7.\(\lim\limits_{x\rightarrow1}\dfrac{\sqrt[3]{x+7}-\sqrt{x+3}}{x^2-3x+2}\)
\(=\lim\limits_{x\rightarrow1}\dfrac{\sqrt[3]{x+7}-2-\left(\sqrt{x+3}-2\right)}{x^2-3x+2}\)
\(=\lim\limits_{x\rightarrow1}\dfrac{\dfrac{x+7-8}{\sqrt[3]{\left(x+7\right)^2}+2\sqrt[3]{x+7}+4}-\dfrac{x+3-4}{\sqrt{x+3}+2}}{\left(x-1\right)\left(x-2\right)}\)

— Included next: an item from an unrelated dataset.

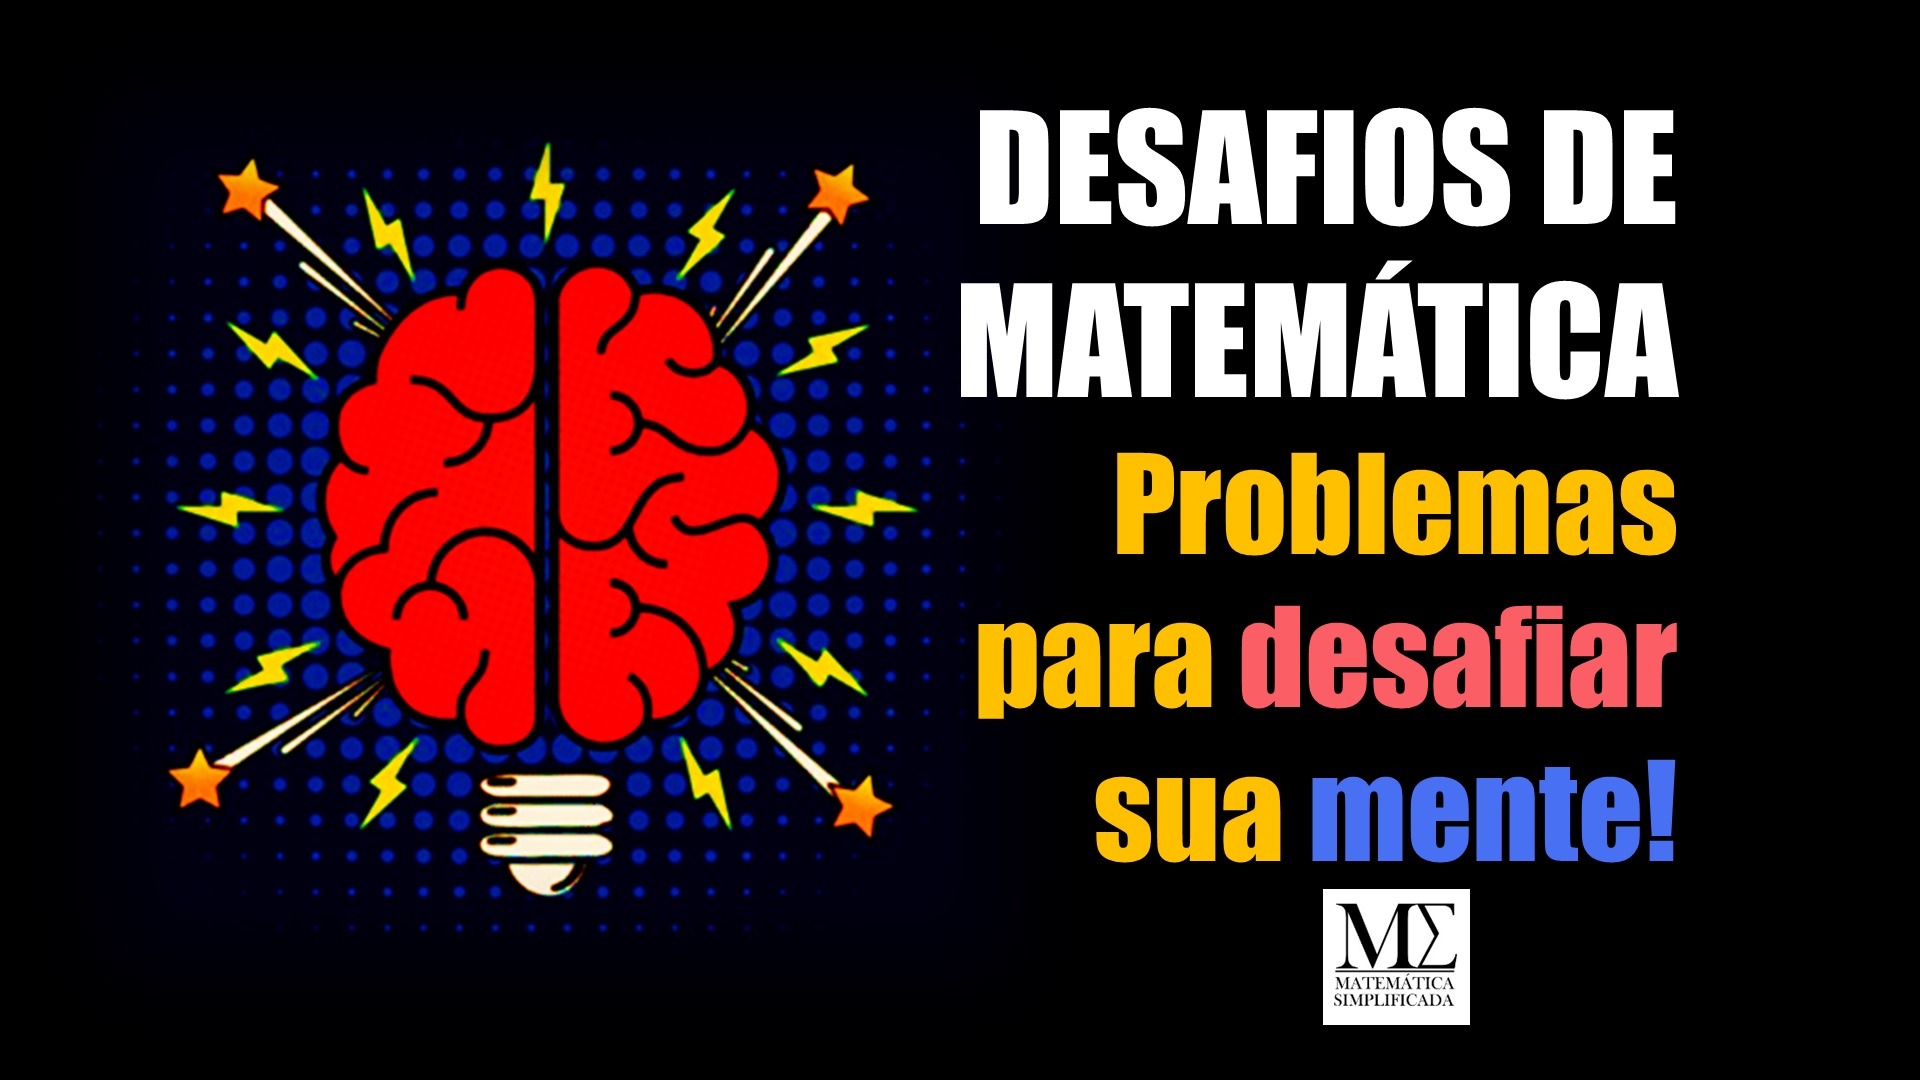 Problema de matemática com frutas faz sucesso nas redes sociais  Problemas  de matemática, Desafios de matemática, Matemática simples

\(=\lim\limits_{x\rightarrow1}\dfrac{\dfrac{x-1}{\sqrt[3]{\left(x+7\right)^2}+2\sqrt[3]{x+7}+4}-\dfrac{x-1}{\sqrt{x+3}+2}}{\left(x-1\right)\left(x-2\right)}\)
\(=\lim\limits_{x\rightarrow1}\dfrac{\dfrac{1}{\sqrt[3]{\left(x+7\right)^2}+2\sqrt[3]{x+7}+4}-\dfrac{1}{\sqrt{x+3}+2}}{x-2}=\dfrac{1}{6}\)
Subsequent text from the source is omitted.